───── MATERIALS PROVIDED

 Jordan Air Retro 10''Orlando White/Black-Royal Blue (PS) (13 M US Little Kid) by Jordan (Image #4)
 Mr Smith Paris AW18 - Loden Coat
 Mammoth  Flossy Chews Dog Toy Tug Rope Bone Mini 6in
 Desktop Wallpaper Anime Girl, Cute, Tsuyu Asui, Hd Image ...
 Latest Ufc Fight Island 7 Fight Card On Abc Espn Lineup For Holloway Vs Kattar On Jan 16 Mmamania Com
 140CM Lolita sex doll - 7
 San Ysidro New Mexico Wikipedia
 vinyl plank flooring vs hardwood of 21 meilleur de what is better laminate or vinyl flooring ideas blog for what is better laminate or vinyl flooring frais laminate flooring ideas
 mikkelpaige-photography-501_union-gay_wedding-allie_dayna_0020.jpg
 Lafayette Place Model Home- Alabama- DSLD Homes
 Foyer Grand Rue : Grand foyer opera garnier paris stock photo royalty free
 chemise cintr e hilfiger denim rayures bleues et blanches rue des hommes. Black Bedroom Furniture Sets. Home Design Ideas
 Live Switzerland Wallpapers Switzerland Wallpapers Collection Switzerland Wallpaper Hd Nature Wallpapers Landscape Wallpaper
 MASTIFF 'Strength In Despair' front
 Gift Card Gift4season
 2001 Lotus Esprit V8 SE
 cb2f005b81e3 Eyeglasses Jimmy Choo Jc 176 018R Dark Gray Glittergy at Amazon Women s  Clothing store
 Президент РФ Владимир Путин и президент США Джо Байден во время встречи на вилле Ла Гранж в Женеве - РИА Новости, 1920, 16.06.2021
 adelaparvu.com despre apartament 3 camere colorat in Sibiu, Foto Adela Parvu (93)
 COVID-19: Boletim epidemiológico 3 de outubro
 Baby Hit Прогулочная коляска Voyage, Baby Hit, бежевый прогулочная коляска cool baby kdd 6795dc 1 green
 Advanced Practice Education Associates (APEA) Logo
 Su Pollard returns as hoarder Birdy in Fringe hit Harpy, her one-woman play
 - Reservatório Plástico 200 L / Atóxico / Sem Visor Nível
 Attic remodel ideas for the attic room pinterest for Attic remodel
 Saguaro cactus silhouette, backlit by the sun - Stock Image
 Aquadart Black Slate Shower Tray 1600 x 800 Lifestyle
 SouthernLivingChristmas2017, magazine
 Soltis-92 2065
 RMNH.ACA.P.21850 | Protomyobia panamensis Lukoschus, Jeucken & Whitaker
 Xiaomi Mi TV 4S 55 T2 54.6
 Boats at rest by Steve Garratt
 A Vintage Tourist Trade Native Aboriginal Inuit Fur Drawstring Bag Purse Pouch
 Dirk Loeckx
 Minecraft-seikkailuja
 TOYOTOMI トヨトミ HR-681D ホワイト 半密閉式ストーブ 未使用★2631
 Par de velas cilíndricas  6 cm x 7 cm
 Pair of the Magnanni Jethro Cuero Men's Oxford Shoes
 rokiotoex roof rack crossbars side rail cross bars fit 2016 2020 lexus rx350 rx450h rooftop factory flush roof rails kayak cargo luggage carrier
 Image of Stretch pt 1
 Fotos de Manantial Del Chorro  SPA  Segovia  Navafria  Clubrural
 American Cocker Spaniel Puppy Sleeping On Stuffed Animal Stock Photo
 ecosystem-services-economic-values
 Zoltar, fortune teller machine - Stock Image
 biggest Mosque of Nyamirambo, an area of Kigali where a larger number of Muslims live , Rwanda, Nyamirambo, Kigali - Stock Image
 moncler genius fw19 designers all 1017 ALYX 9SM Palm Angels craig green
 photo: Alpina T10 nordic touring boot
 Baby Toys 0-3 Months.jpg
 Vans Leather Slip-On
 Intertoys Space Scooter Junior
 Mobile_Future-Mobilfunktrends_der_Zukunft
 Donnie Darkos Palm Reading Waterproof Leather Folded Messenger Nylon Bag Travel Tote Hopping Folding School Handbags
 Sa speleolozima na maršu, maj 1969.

──────────

▸ WORK INSTRUCTION
Once you have read the data above, print all of it again exactly.

▸ ANSWER BELOW
 Jordan Air Retro 10''Orlando White/Black-Royal Blue (PS) (13 M US Little Kid) by Jordan (Image #4)
 Mr Smith Paris AW18 - Loden Coat
 Mammoth  Flossy Chews Dog Toy Tug Rope Bone Mini 6in
 Desktop Wallpaper Anime Girl, Cute, Tsuyu Asui, Hd Image ...
 Latest Ufc Fight Island 7 Fight Card On Abc Espn Lineup For Holloway Vs Kattar On Jan 16 Mmamania Com
 140CM Lolita sex doll - 7
 San Ysidro New Mexico Wikipedia
 vinyl plank flooring vs hardwood of 21 meilleur de what is better laminate or vinyl flooring ideas blog for what is better laminate or vinyl flooring frais laminate flooring ideas
 mikkelpaige-photography-501_union-gay_wedding-allie_dayna_0020.jpg
 Lafayette Place Model Home- Alabama- DSLD Homes
 Foyer Grand Rue : Grand foyer opera garnier paris stock photo royalty free
 chemise cintr e hilfiger denim rayures bleues et blanches rue des hommes. Black Bedroom Furniture Sets. Home Design Ideas
 Live Switzerland Wallpapers Switzerland Wallpapers Collection Switzerland Wallpaper Hd Nature Wallpapers Landscape Wallpaper
 MASTIFF 'Strength In Despair' front
 Gift Card Gift4season
 2001 Lotus Esprit V8 SE
 cb2f005b81e3 Eyeglasses Jimmy Choo Jc 176 018R Dark Gray Glittergy at Amazon Women s  Clothing store
 Президент РФ Владимир Путин и президент США Джо Байден во время встречи на вилле Ла Гранж в Женеве - РИА Новости, 1920, 16.06.2021
 adelaparvu.com despre apartament 3 camere colorat in Sibiu, Foto Adela Parvu (93)
 COVID-19: Boletim epidemiológico 3 de outubro
 Baby Hit Прогулочная коляска Voyage, Baby Hit, бежевый прогулочная коляска cool baby kdd 6795dc 1 green
 Advanced Practice Education Associates (APEA) Logo
 Su Pollard returns as hoarder Birdy in Fringe hit Harpy, her one-woman play
 - Reservatório Plástico 200 L / Atóxico / Sem Visor Nível
 Attic remodel ideas for the attic room pinterest for Attic remodel
 Saguaro cactus silhouette, backlit by the sun - Stock Image
 Aquadart Black Slate Shower Tray 1600 x 800 Lifestyle
 SouthernLivingChristmas2017, magazine
 Soltis-92 2065
 RMNH.ACA.P.21850 | Protomyobia panamensis Lukoschus, Jeucken & Whitaker
 Xiaomi Mi TV 4S 55 T2 54.6
 Boats at rest by Steve Garratt
 A Vintage Tourist Trade Native Aboriginal Inuit Fur Drawstring Bag Purse Pouch
 Dirk Loeckx
 Minecraft-seikkailuja
 TOYOTOMI トヨトミ HR-681D ホワイト 半密閉式ストーブ 未使用★2631
 Par de velas cilíndricas  6 cm x 7 cm
 Pair of the Magnanni Jethro Cuero Men's Oxford Shoes
 rokiotoex roof rack crossbars side rail cross bars fit 2016 2020 lexus rx350 rx450h rooftop factory flush roof rails kayak cargo luggage carrier
 Image of Stretch pt 1
 Fotos de Manantial Del Chorro  SPA  Segovia  Navafria  Clubrural
 American Cocker Spaniel Puppy Sleeping On Stuffed Animal Stock Photo
 ecosystem-services-economic-values
 Zoltar, fortune teller machine - Stock Image
 biggest Mosque of Nyamirambo, an area of Kigali where a larger number of Muslims live , Rwanda, Nyamirambo, Kigali - Stock Image
 moncler genius fw19 designers all 1017 ALYX 9SM Palm Angels craig green
 photo: Alpina T10 nordic touring boot
 Baby Toys 0-3 Months.jpg
 Vans Leather Slip-On
 Intertoys Space Scooter Junior
 Mobile_Future-Mobilfunktrends_der_Zukunft
 Donnie Darkos Palm Reading Waterproof Leather Folded Messenger Nylon Bag Travel Tote Hopping Folding School Handbags
 Sa speleolozima na maršu, maj 1969.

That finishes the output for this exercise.